Een directeur van een familiebedrijf probeert via een enquêteprocedure door een speciaal daartoe opgerichte personeelsvertegenwoordiging (pvt) zijn dreigende ontslag te voorkomen. De ondernemingskamer wijst dit af.
Binnen een familiebedrijf ontstaat een twist tussen de vader, die aandeelhouders is van de onderneming, en de zoon, die de directeur is. Ze verschillen van inzicht over de bedrijfsvoering. De zoon meldt zich vervolgens ziek. De vader stelt daarop een interim-bedrijfsleider aan en gaat ook zelf weer fulltime in de onderneming werken. Er wordt een ontslagprocedure gestart om de zoon te ontslaan. Tijdens een personeelsbijeenkomst waarbij de zoon en vier personeelsleden aanwezig zijn, is besloten een pvt in te stellen. Tevens sluit de zoon als directeur met de pvt een overeenkomst waarbij de bevoegdheid tot het uitoefenen van het enquêterecht wordt toegekend.

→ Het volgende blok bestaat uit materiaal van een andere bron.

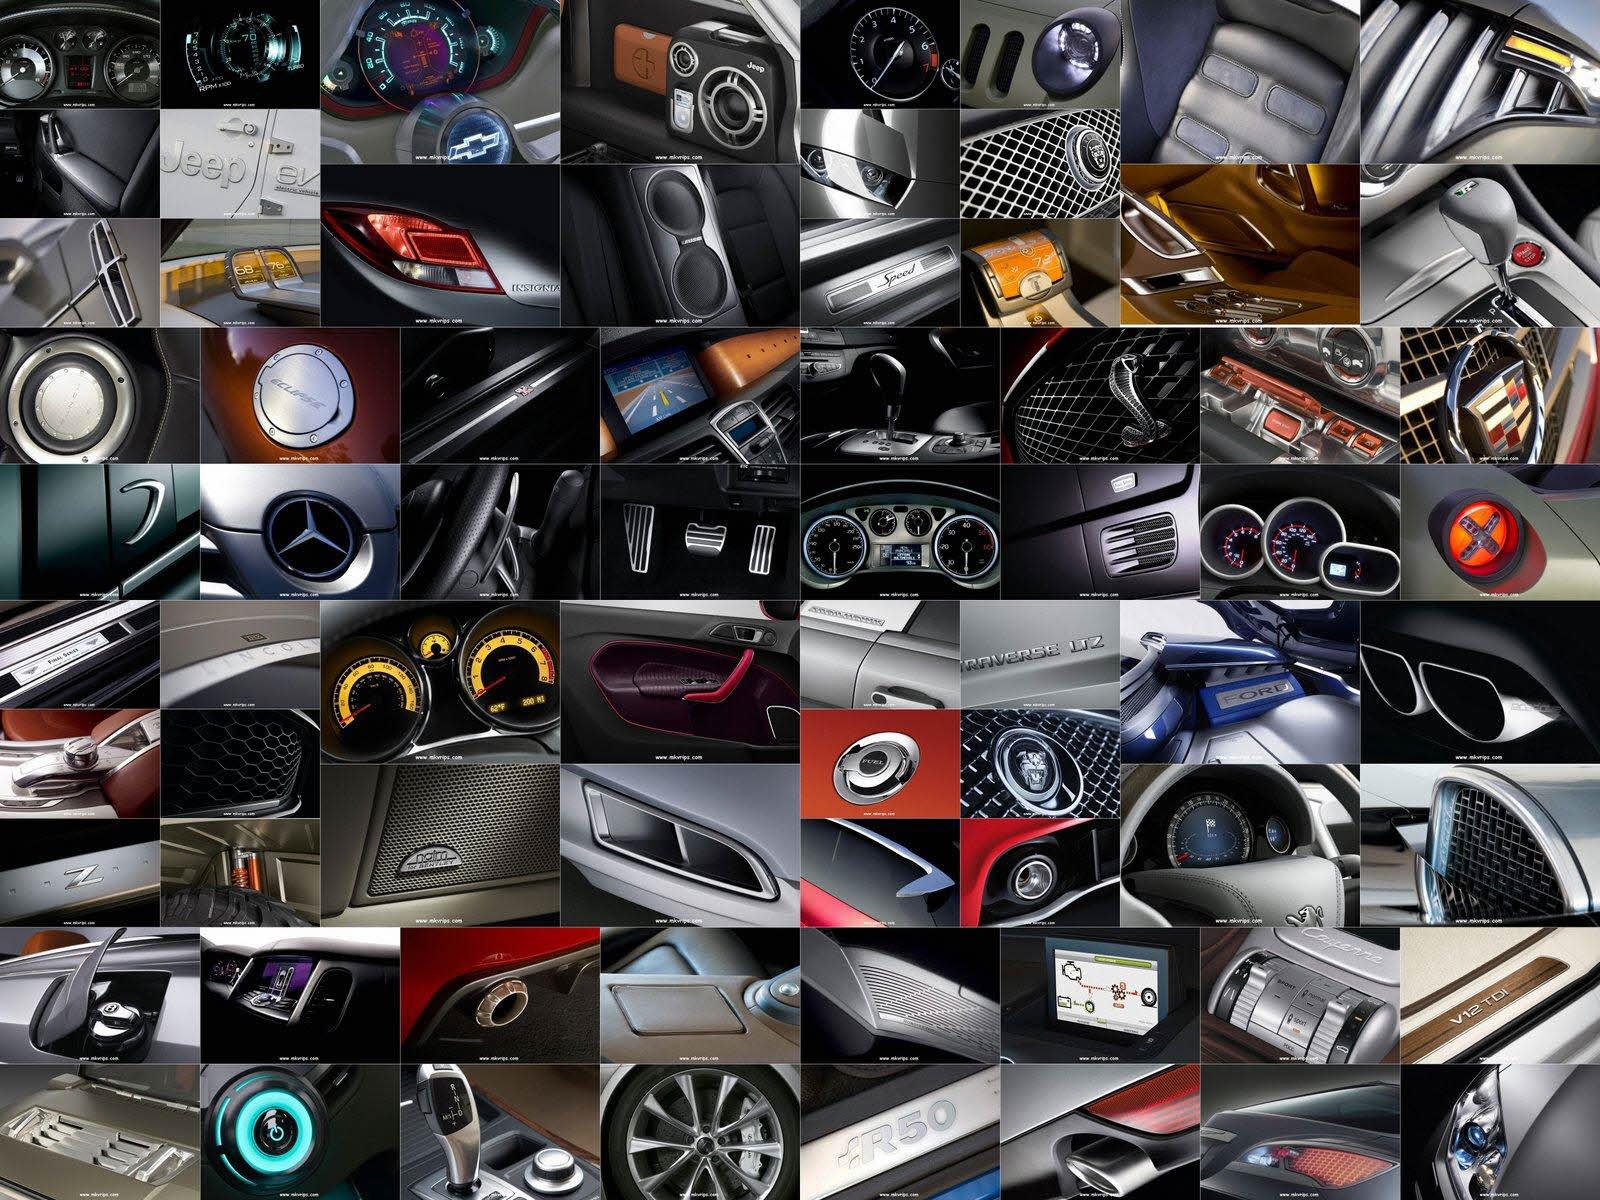 PROF обзор: автомобильные аксессуары-

Daarop start de pvt een enquêteprocedure.
Ondernemingskamer
De pvt heeft onvoldoende aannemelijk gemaakt dat de gang van zaken met betrekking tot het verzoek tot ontbinding van de arbeidsovereenkomst met de zoon op zichzelf gegronde redenen vormt voor twijfel aan een juist beleid. Het mag zo zijn dat met het vertrek van de zoon als bestuurder van de onderneming nuttige kennis verloren gaat, maar dit is inherent aan het vertrek van een bestuurder. De vrees voor stuurloosheid is gelet op de aanstelling van een interim-bestuurder en de terugkeer van de vader in de bedrijfsleiding onterecht. Daarmee is, voorlopig, voorzien in het bestuur en de dagelijkse leiding van de onderneming. Er zijn geen feiten en omstandigheden aangevoerd of gebleken die de vrees wettigen dat werknemers die essentieel zijn voor een goede gang van zaken in de onderneming, haar de rug toekeren.

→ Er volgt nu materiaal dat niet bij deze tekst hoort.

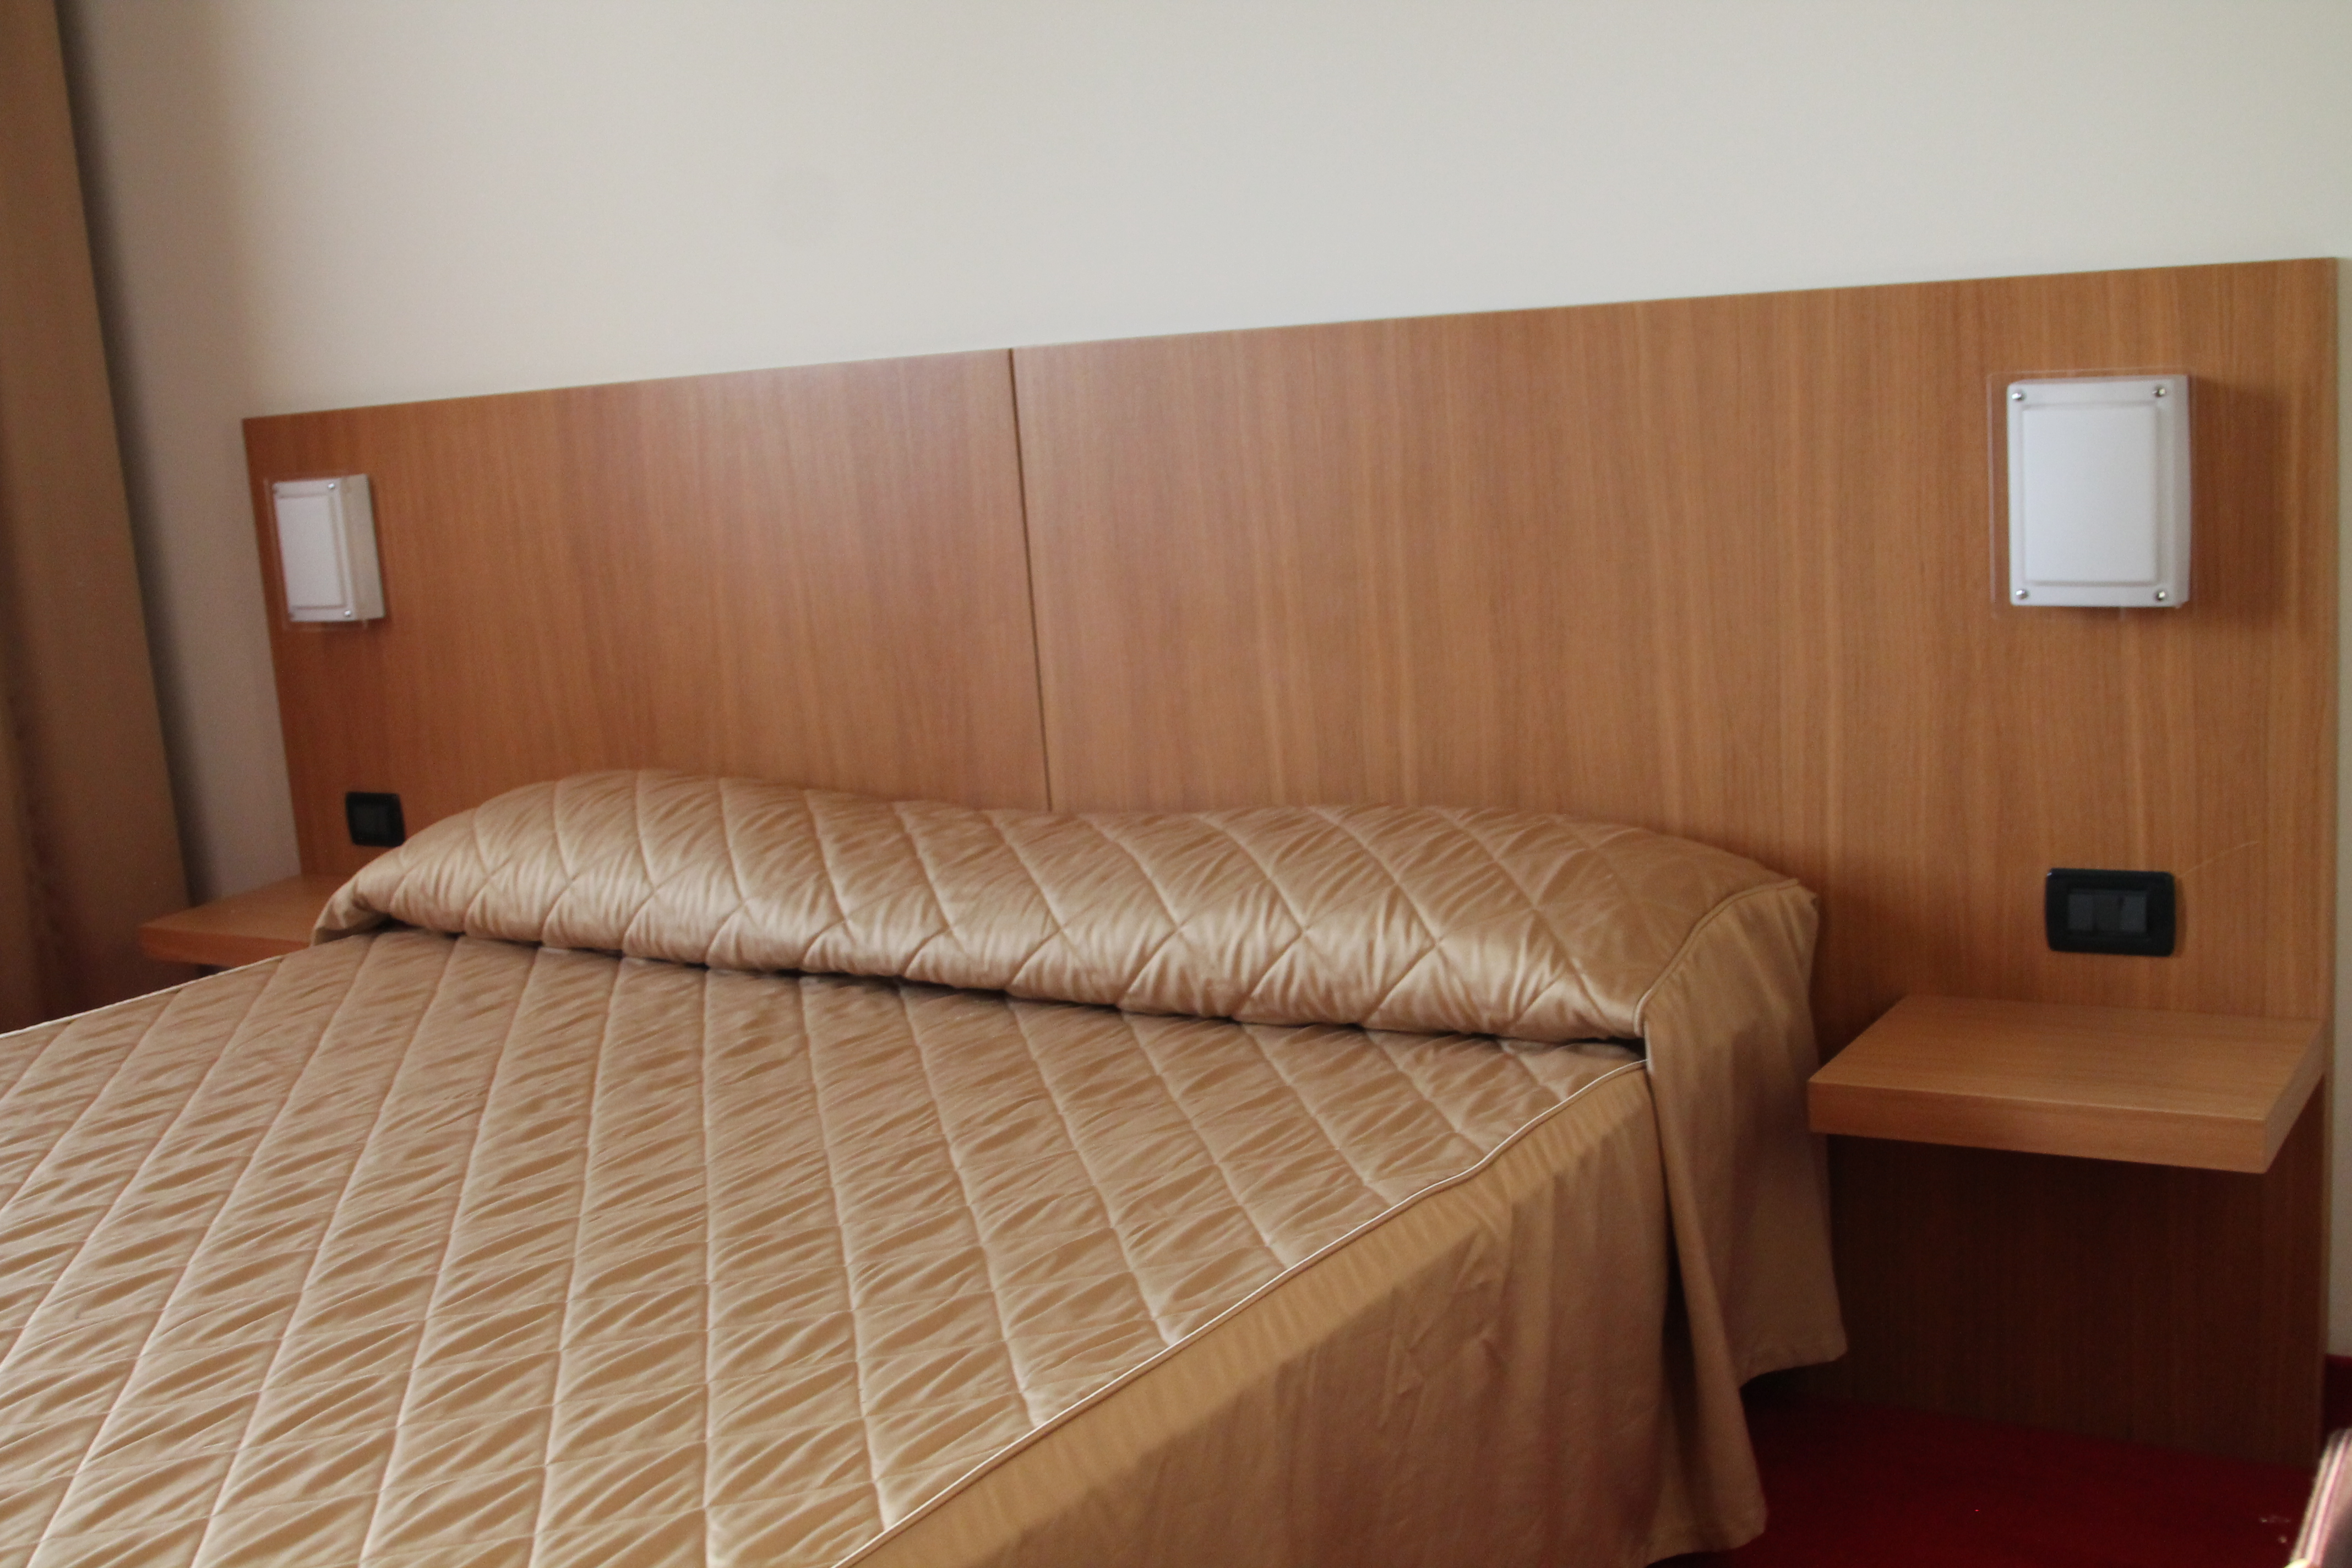 Отзыв об отеле Anusca Palace 4*

Ook is onvoldoende concreet toegelicht dat onrust onder het personeel is ontstaan in die mate dat gegronde twijfel aan een juist beleid gerechtvaardigd is. De enkele omstandigheid dat een pvt een enquêteverzoek bij de OK indient is daarvoor onvoldoende. De rechter neemt daarbij mede in aanmerking dat de pvt is ingesteld toen het conflict al tot een uitbarsting was gekomen en dat slechts een klein gedeelte van het personeel op de uitnodiging voor de bijeenkomst is ingegaan en de leden van de pvt heeft verkozen.

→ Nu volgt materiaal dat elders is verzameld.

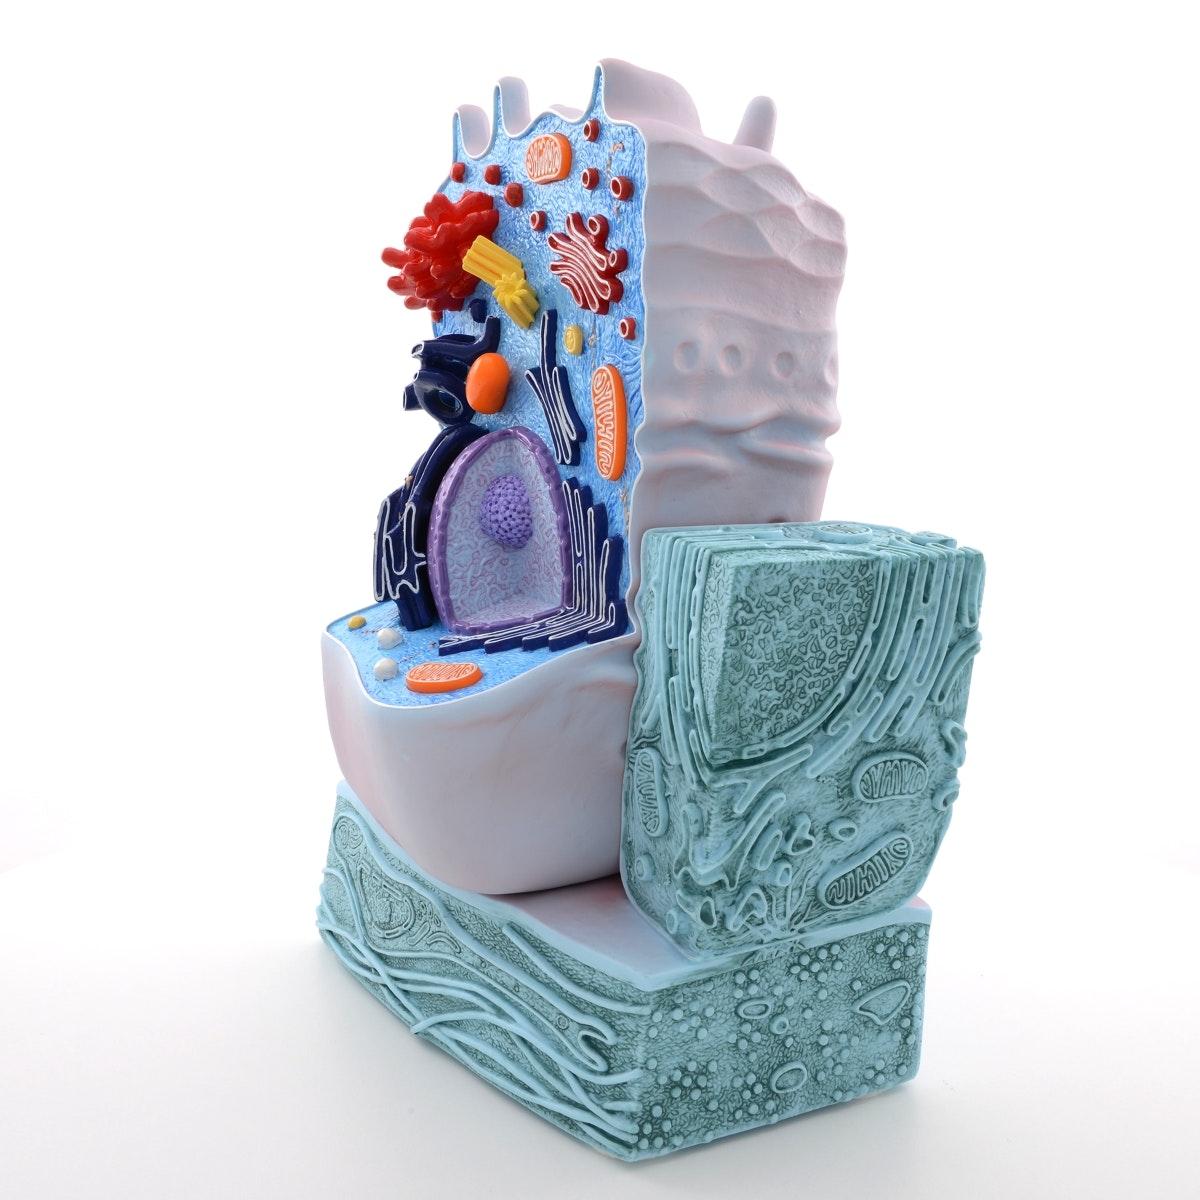 Meget detaljeret model af en celle i et elektronmikroskopisk perspektiv

Al met al heeft de pvt onvoldoende aannemelijk gemaakt dat zich zodanige omstandigheden hebben voorgedaan dat dit gegronde redenen voor twijfel aan een juist beleid oplevert.
Commentaar
Dit is de zesde beschikking in een enquêteprocedure die door een or of pvt is gestart,. In alle gevallen is deze extra bevoegdheid toegekend door de bestuurder op het moment dat er een conflict was ontstaan, waarbij hij ontslagen dreigde te worden. Dit is de eerste keer dat de rechter het verzoek afwijst. In eerdere zaken waren de partijen het er mee eens dat de rechter een oplossing in de ontstane patstelling moest creëren. Daar was in deze zaak geen sprake van. De onderneming was niet stuurloos. Er was alleen een wisseling van de wacht doorgevoerd aan de top. Wil een pvt in een dergelijke situatie succes hebben met een enquêteverzoek, dan moet zij aannemelijk maken dat het belang van de onderneming vergt dat er wordt ingegrepen. Dat belang is niet gelijk aan het belang van de bestuurder die ontslagen dreigt te worden.